HOW TO COMPLETE THIS TASK:
Retype, exactly as they appear below, the lines between the line holding "Pemuteran thuộc Bali, Indonesia" and the line holding "Weizen ist eine", both ends included.

INPUT MATERIAL:
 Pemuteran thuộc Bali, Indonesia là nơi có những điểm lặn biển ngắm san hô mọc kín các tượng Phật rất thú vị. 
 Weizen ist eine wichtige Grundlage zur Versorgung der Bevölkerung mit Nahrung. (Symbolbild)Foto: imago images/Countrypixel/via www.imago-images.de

--

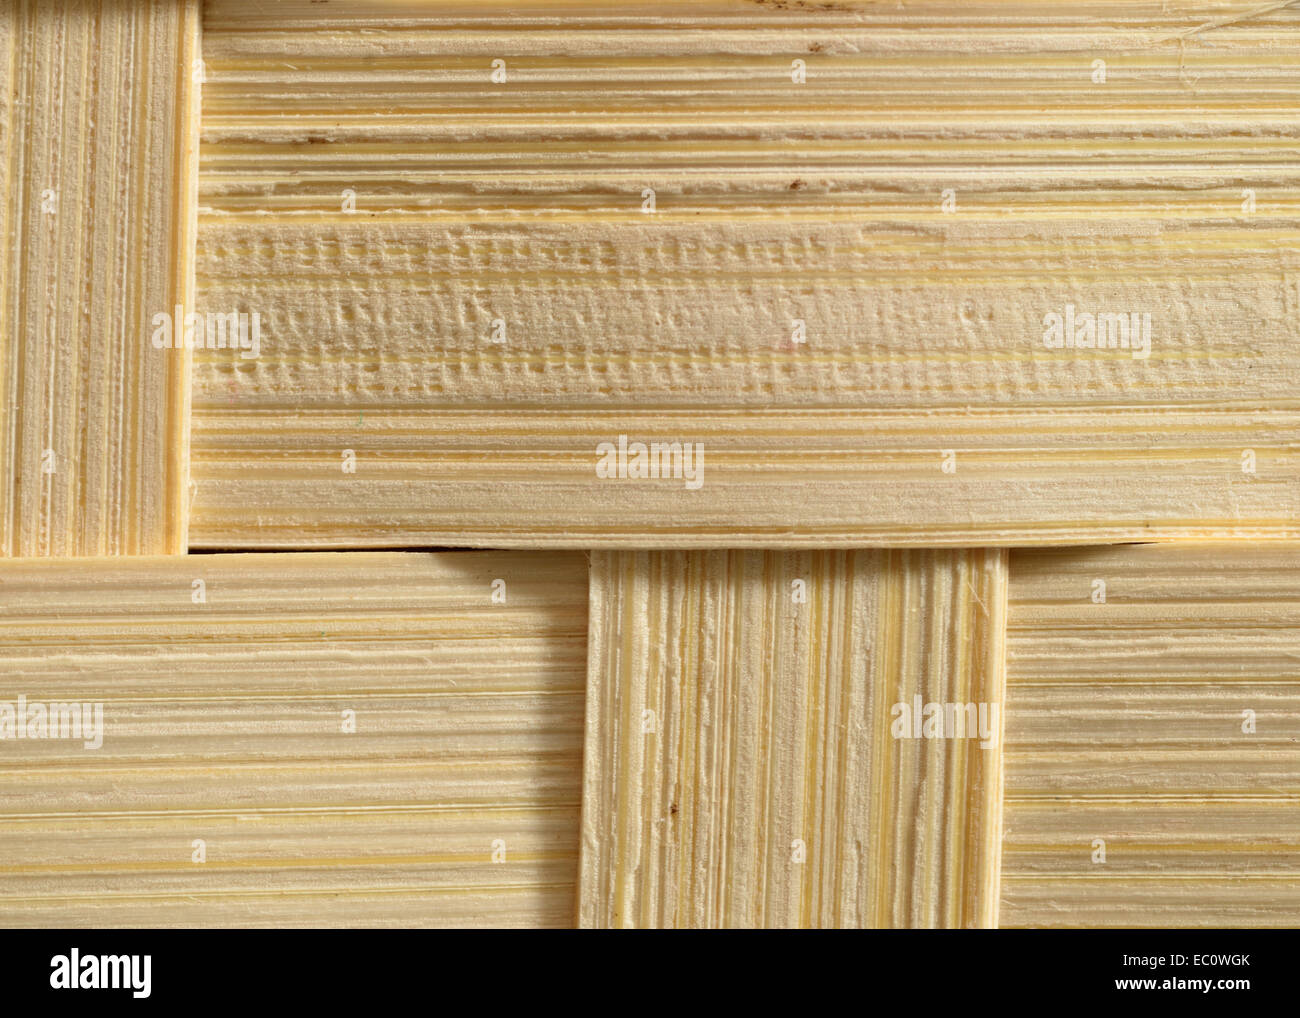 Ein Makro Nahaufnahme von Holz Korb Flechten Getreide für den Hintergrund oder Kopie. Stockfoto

--

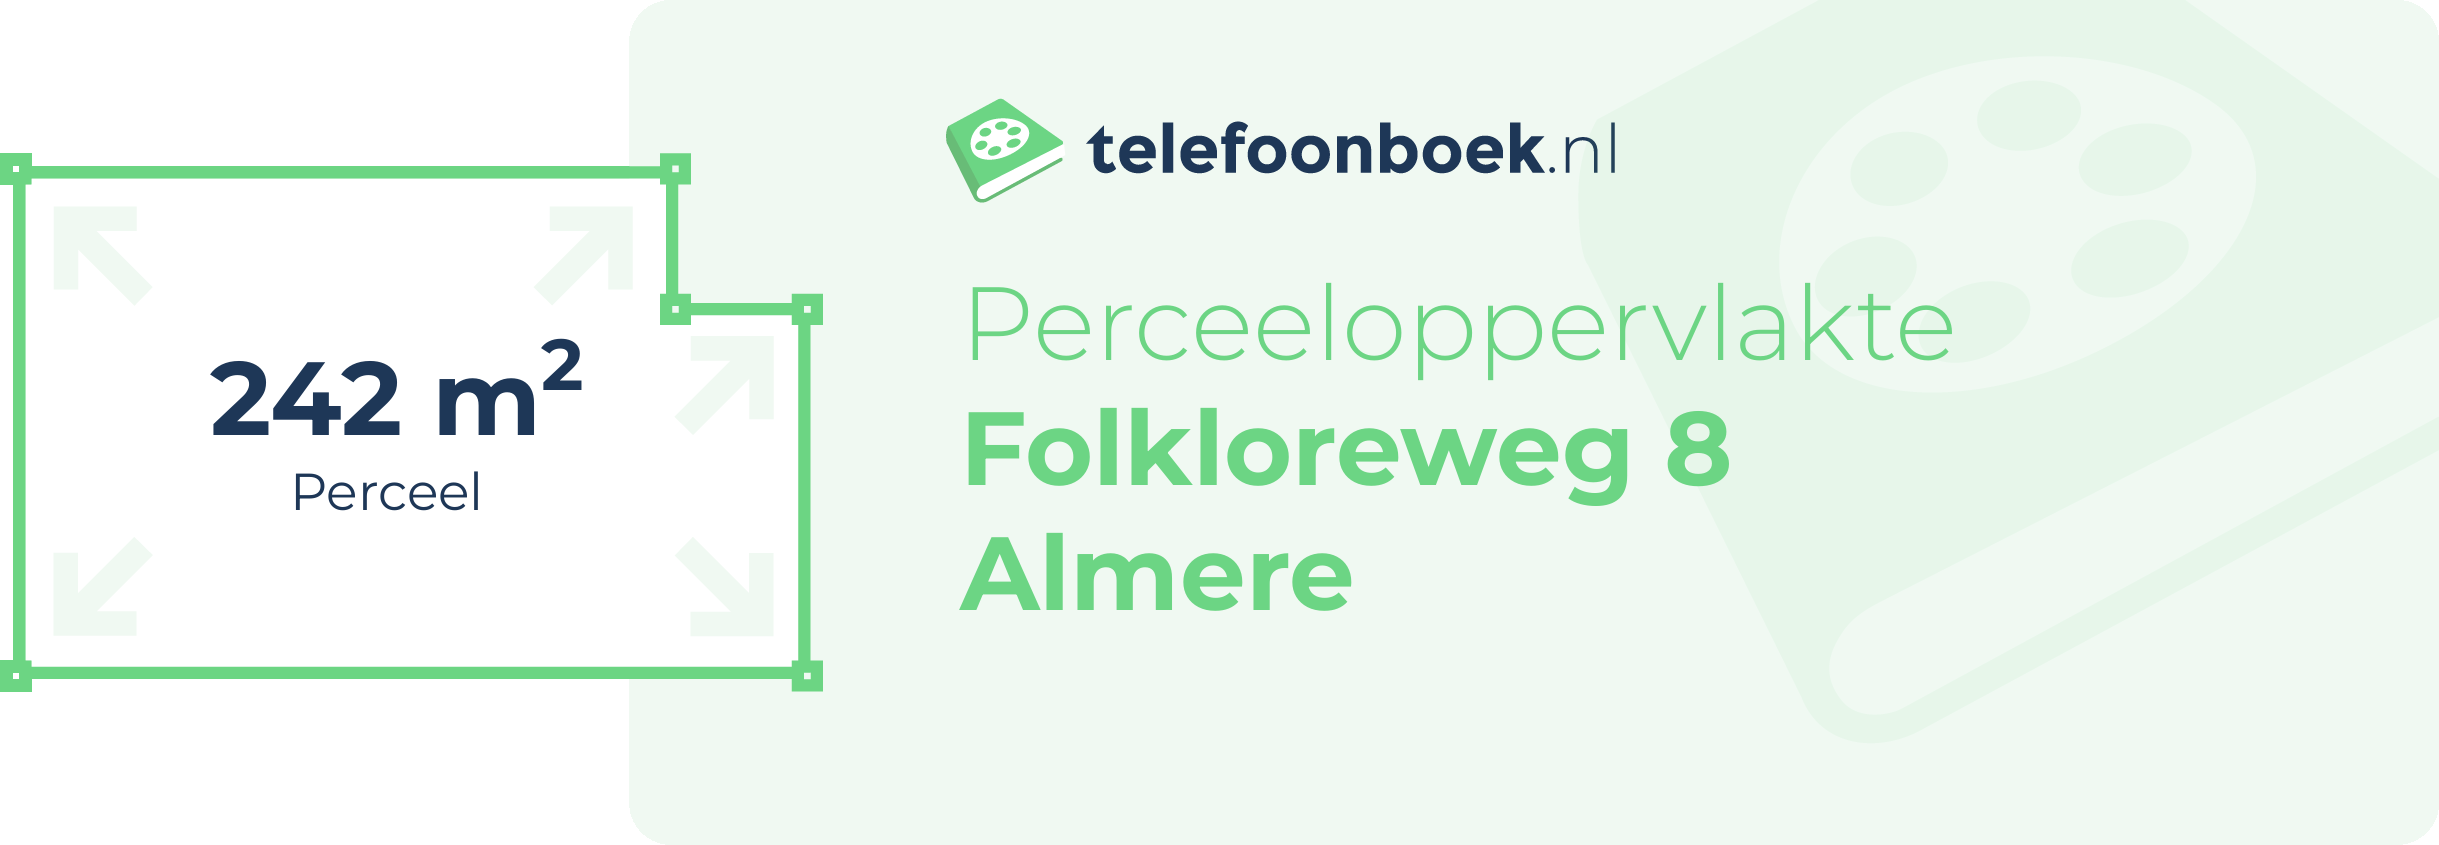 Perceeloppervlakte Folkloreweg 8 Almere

REPLY TO THE EXERCISE:
 Pemuteran thuộc Bali, Indonesia là nơi có những điểm lặn biển ngắm san hô mọc kín các tượng Phật rất thú vị. 
 Weizen ist eine wichtige Grundlage zur Versorgung der Bevölkerung mit Nahrung. (Symbolbild)Foto: imago images/Countrypixel/via www.imago-images.de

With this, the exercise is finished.